# Hardware + Hitze ??



## TheArival (28. März 2009)

Da ja in ein Paar Monaten wieder die Temperaturen hoch gehen, so das es wieder richtig heiß wird.


Wollte ich fragen, ob man auf die Hardware dan besser aufpassen muss oder irgendwas beachten muss wenn es wieder Heiß wird bzw: wenn der Sommer kommt ??

Mit Freundlichen Grüßen


----------



## der Türke (28. März 2009)

allso du meinst wenn die Ausentemperatur steigt könnte es ein schaden mit der Hardware deines Pc´s kommen?


----------



## Mexxim (28. März 2009)

Man sollte sowieso regelmäßig die temps checken . Im sommer hast du ~0-5C mehr....also ich zumindest^^


----------



## der Türke (28. März 2009)

Lass doch immer PC wizard 08 (freeware)an dann weisst du wieviel grad es ca beträgt


----------



## TheArival (28. März 2009)

der Türke schrieb:


> allso du meinst wenn die Ausentemperatur steigt könnte es ein schaden mit der Hardware deines Pc´s kommen?


 

Jo, genau.


----------



## der Türke (28. März 2009)

Die meisten Hardware schalten sich bei erhöhter Temperatur aus wie z.B. Netzteil oder GPU

Aber wenn dann müsstest du schon 28-40 grad draussen haben damit es sowas passiert


----------



## BamBuchi (29. März 2009)

der Türke schrieb:


> Die meisten Hardware schalten sich bei erhöhter Temperatur aus wie z.B. Netzteil oder GPU
> 
> Aber wenn dann müsstest du schon 28-40 grad draussen haben damit es sowas passiert



Wenn du den PC draussen in der Freiheit stehen lässt bei 40 grad un noch Crysis laufen lässt, dann ja


----------



## CCJosh (29. März 2009)

also vieleicht oc n bisschn niedriger


----------



## Derber-Shit (29. März 2009)

Naja, dafür müsste es schon im Zimmer 30 °C betragen, damit man aufpassen wüsste.

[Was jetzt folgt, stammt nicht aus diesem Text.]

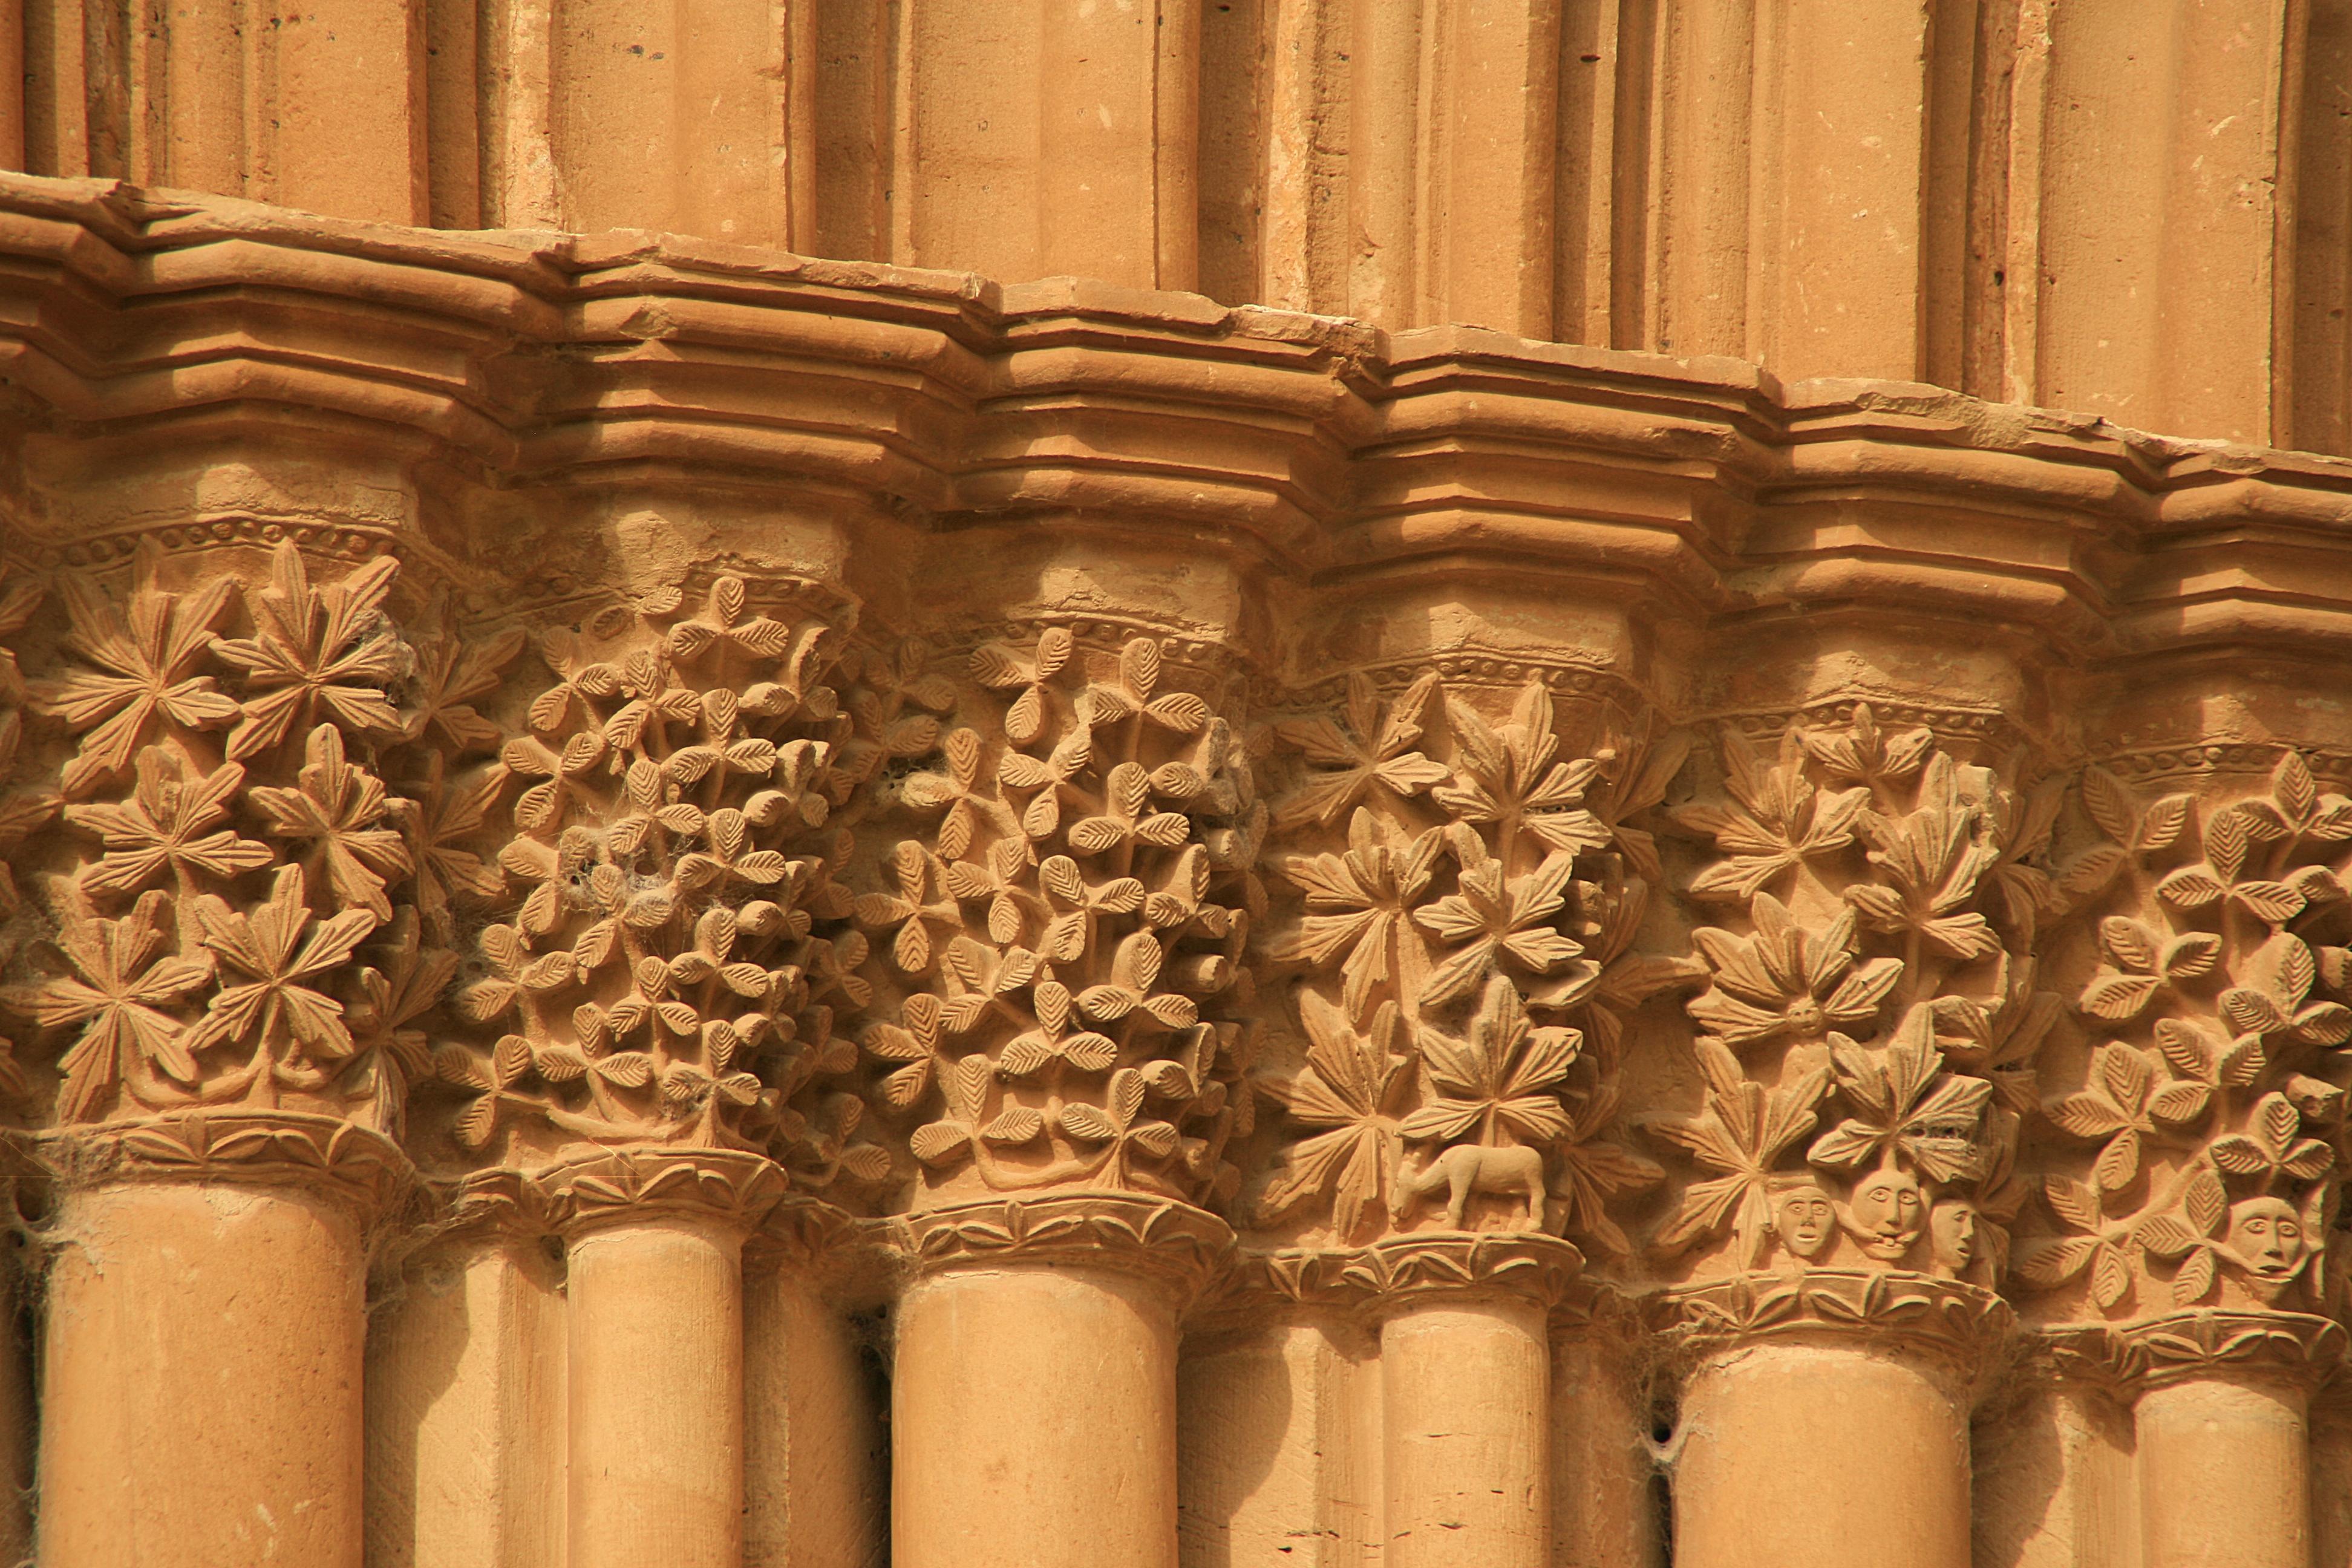 Innenarchitektur Geschichte kostenlose foto struktur holz säule innenarchitektur kunst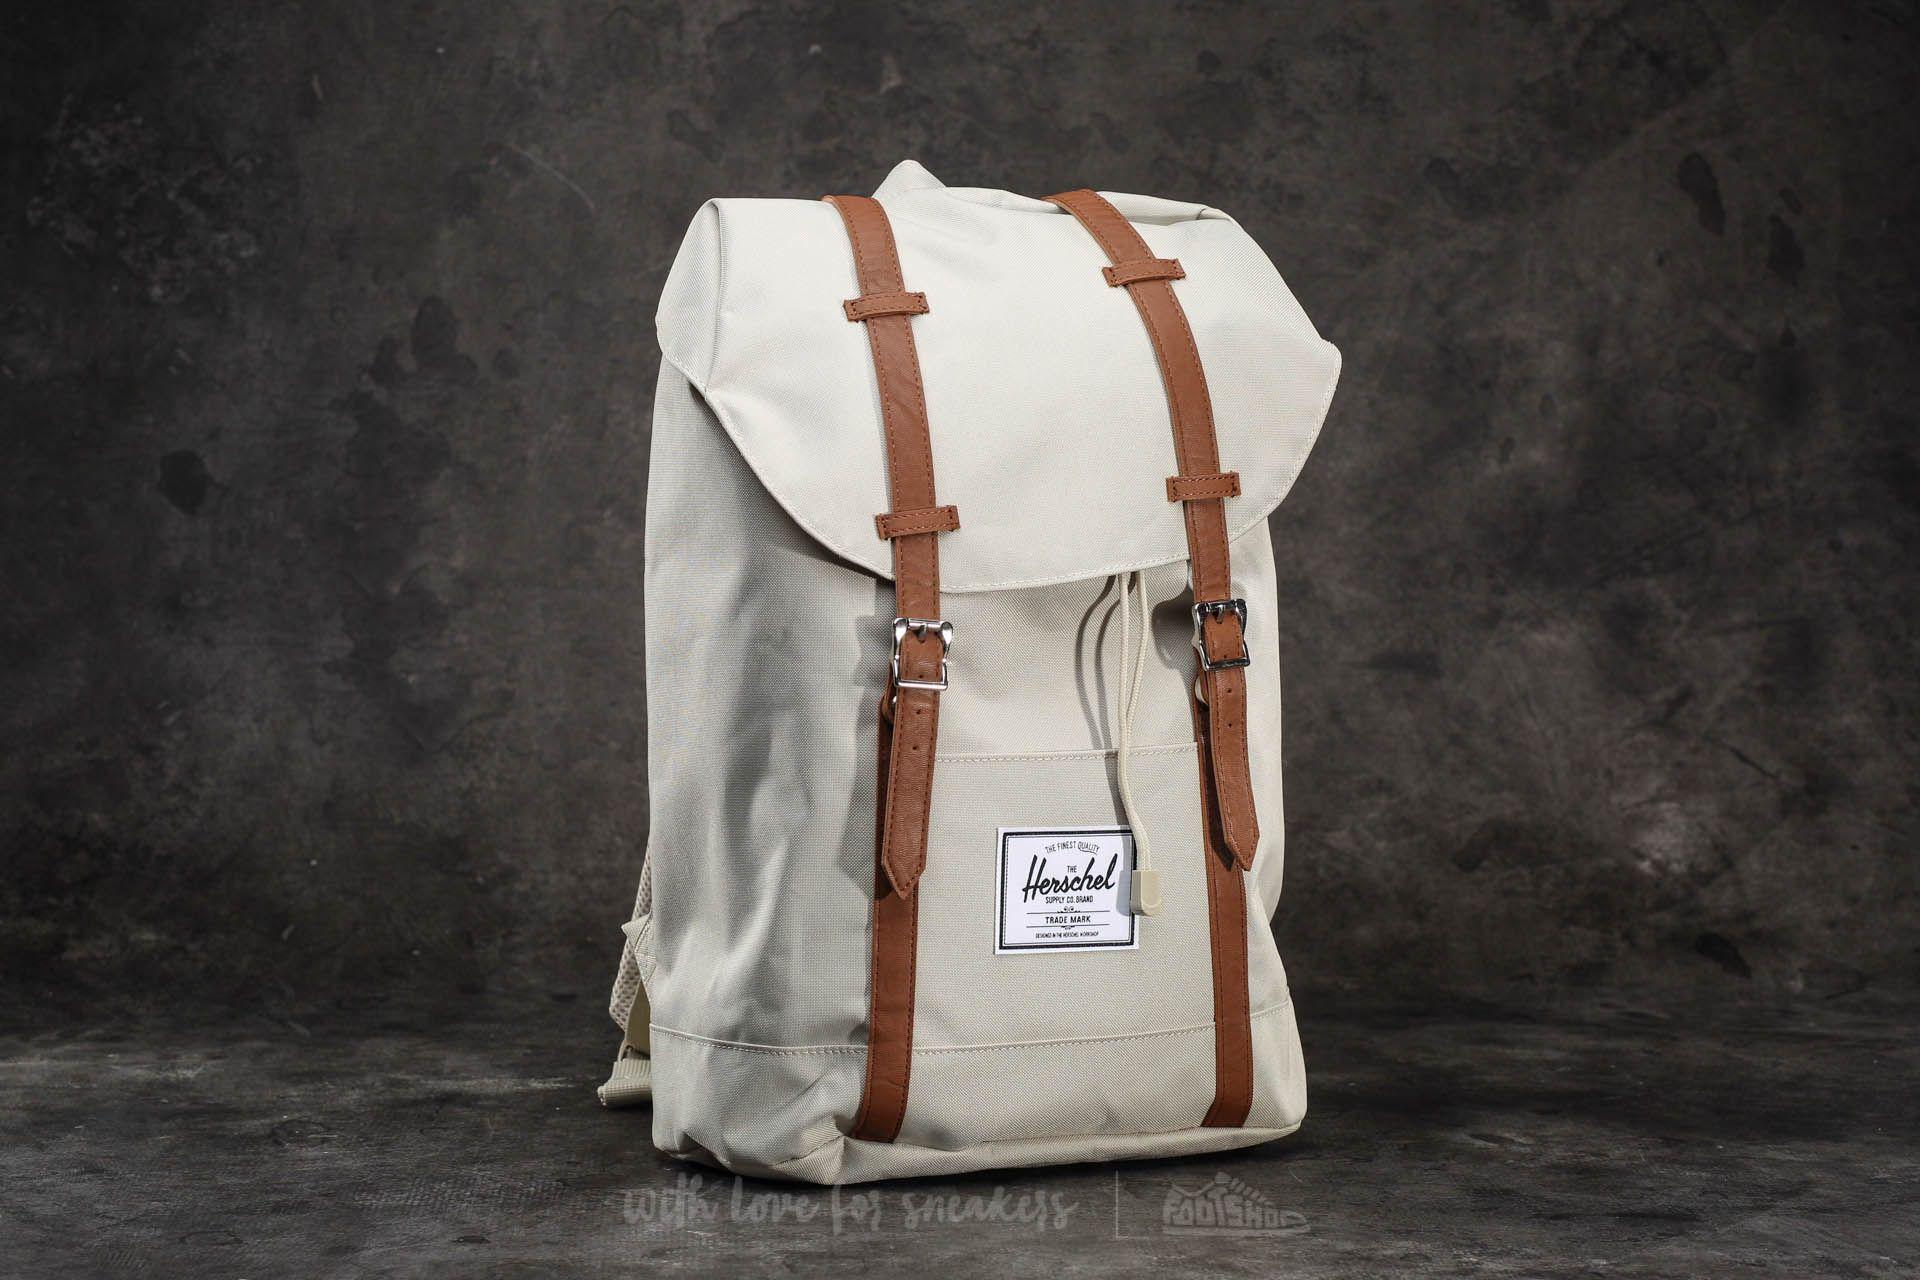 eadf4aee99 Herschel Supply Co. Retreat Backpack Pelican

Eventuell bei hitzigen grafikkarten mit StandartKühler aufpassen... also an alle 4870X2 Besitzer 

Sonst würde ich mir aber keine Sorgen machen. 

Gruß vom Shit


----------



## g.Status (11. April 2009)

Derber-Shit schrieb:


> Eventuell bei hitzigen grafikkarten mit StandartKühler aufpassen... also an alle 4870X2 Besitzer
> Gruß vom Shit


Oder die garkeinen Kühler haben 

Also wenn dir der Rechner im Sommer abschmieren sollte,dann eifnach mal den Rechner entstauben und eventuell 'nen Lüfterreinbauen


----------



## holy-derwish (13. April 2009)

wer spielt den bitteschön mit seinem pc draußen?
mit laptop oder netbook schon... aber bitte mit einem PC DRAUSSEN!!!
wenn dann müsste es schon eine lan maschine sein
mit cube oder m-atx gehäuse


----------



## chrisz84 (5. Mai 2009)

Ich hatte solche Probleme bei früheren Rechner durchaus mal, da mein Zimmer direkt unterm Dach ist und es sich immer Sommer locker mal auf 30-40°C aufheizt. Hab deswegen in mein aktuelles Projekt eine 4-Kanallüftersteuerung eingebaut in Kombination mit anständigen Lüfter die generell erst angeworfen werden, wenn Leistung gefragt ist. 
Is halt schon ne praktische Lösung, da ich grade wenn ich lerne oder was für die Uni mache möglichst viel Ruhe bzw. wenig nervende Geräusche haben möchte und ich durch die Steuerung bequem die Läutstärke regulieren kann.


----------